EXERCISE DETAILS
Pictures aside, the output must consist of the lines from the one containing "老王岗乡2021年政府信息公开工作年度报告_01.jpg" through the end of the data, reproduced exactly.

COLLECTED DATA START

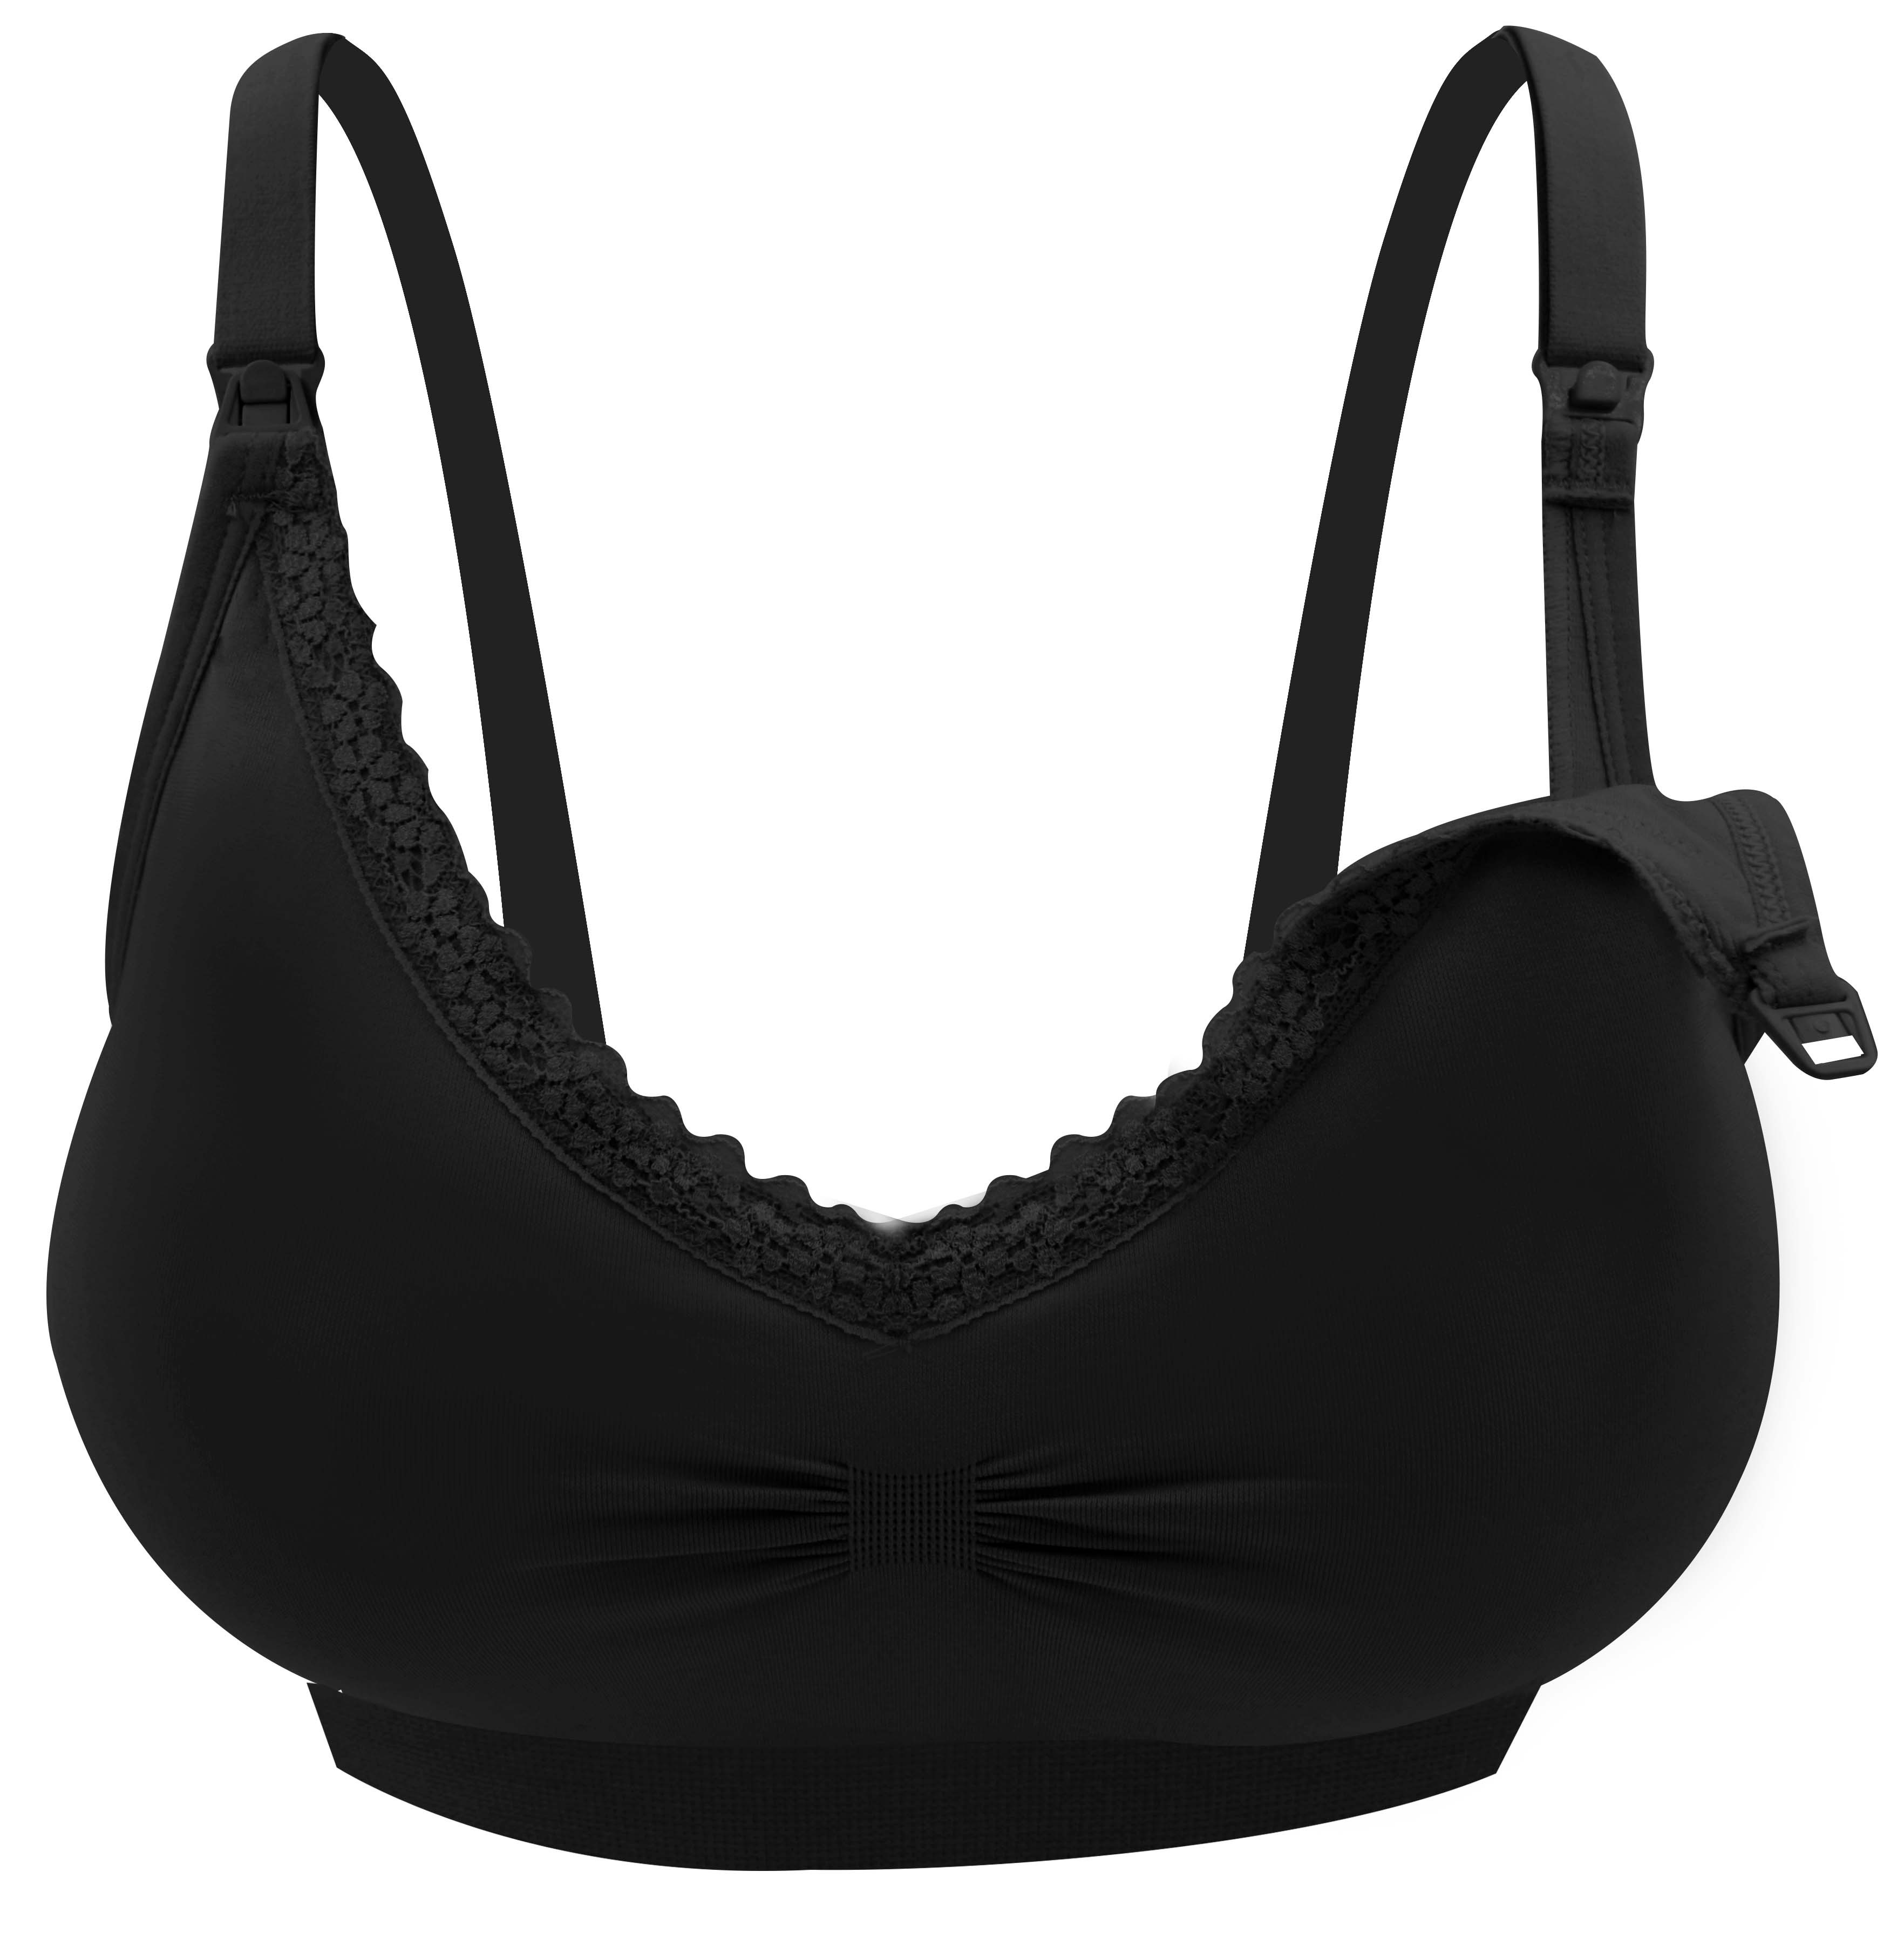 https://media.mamahood.com.sg/wilynn-llp/34352/lunavie-seamless-nursing-bra-free-bra-extender-black.jpg
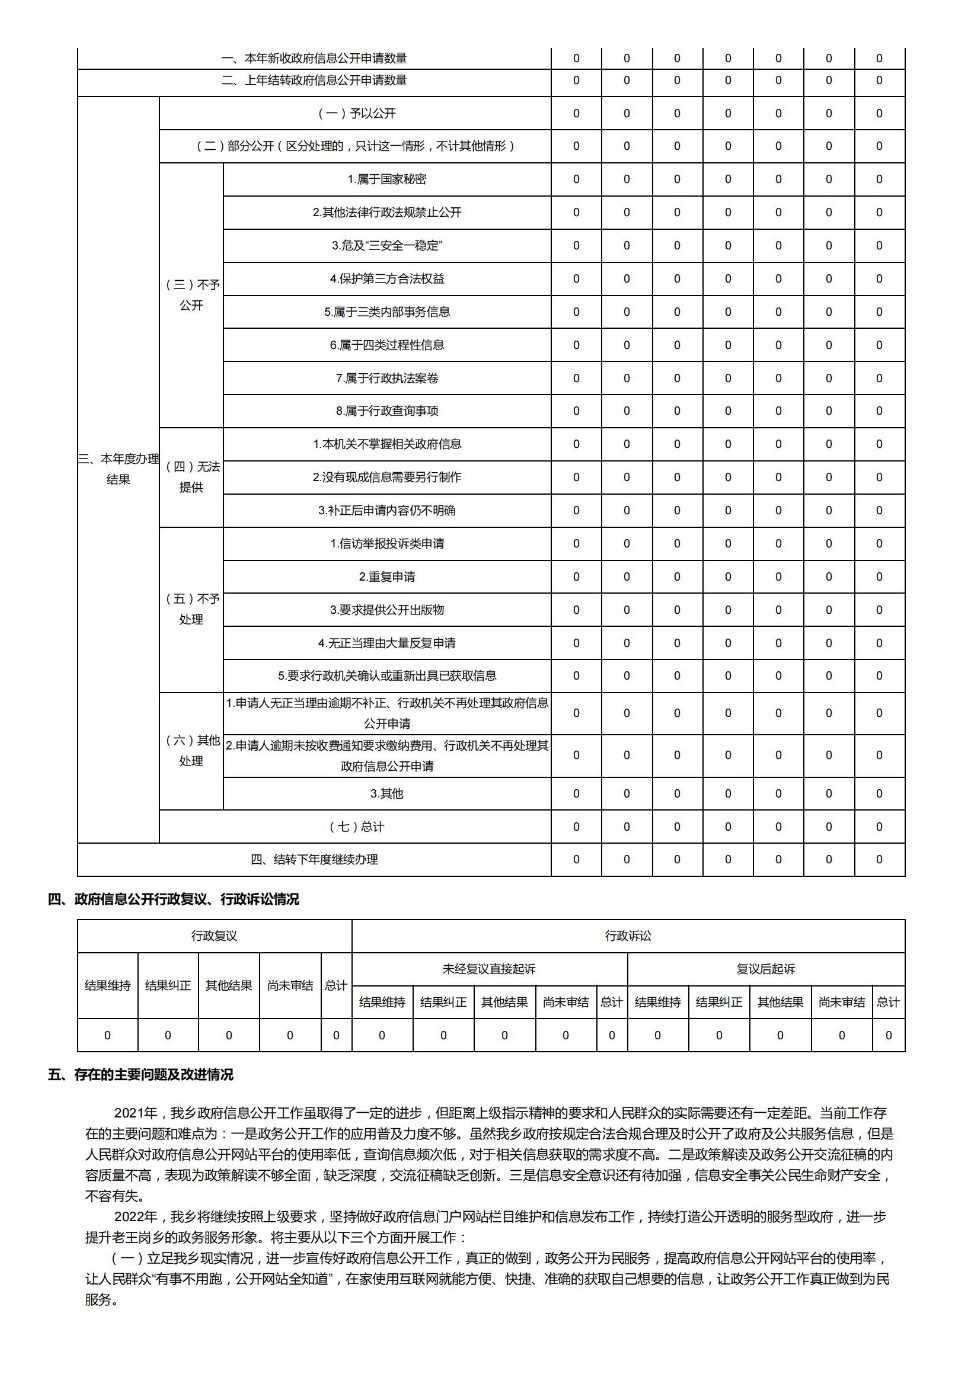 老王岗乡2021年政府信息公开工作年度报告_01.jpg
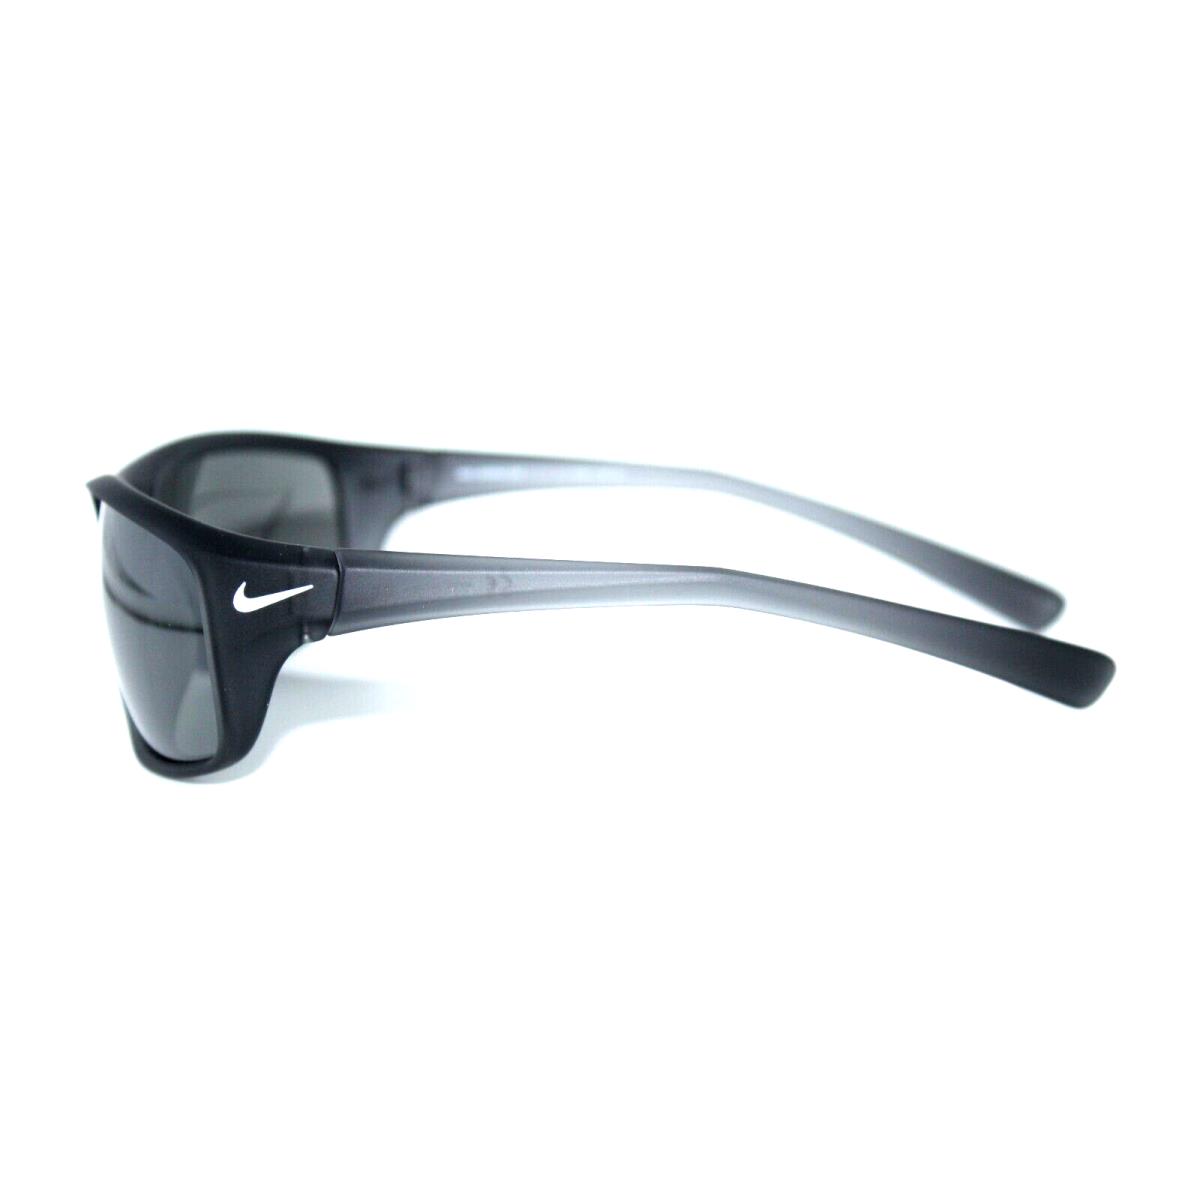 Nike sunglasses ADRENALINE - Gray Frame, Gray Lens 2

COLLECTED DATA END

PROBLEM SOLUTION
 老王岗乡2021年政府信息公开工作年度报告_01.jpg
 Nike sunglasses ADRENALINE - Gray Frame, Gray Lens 2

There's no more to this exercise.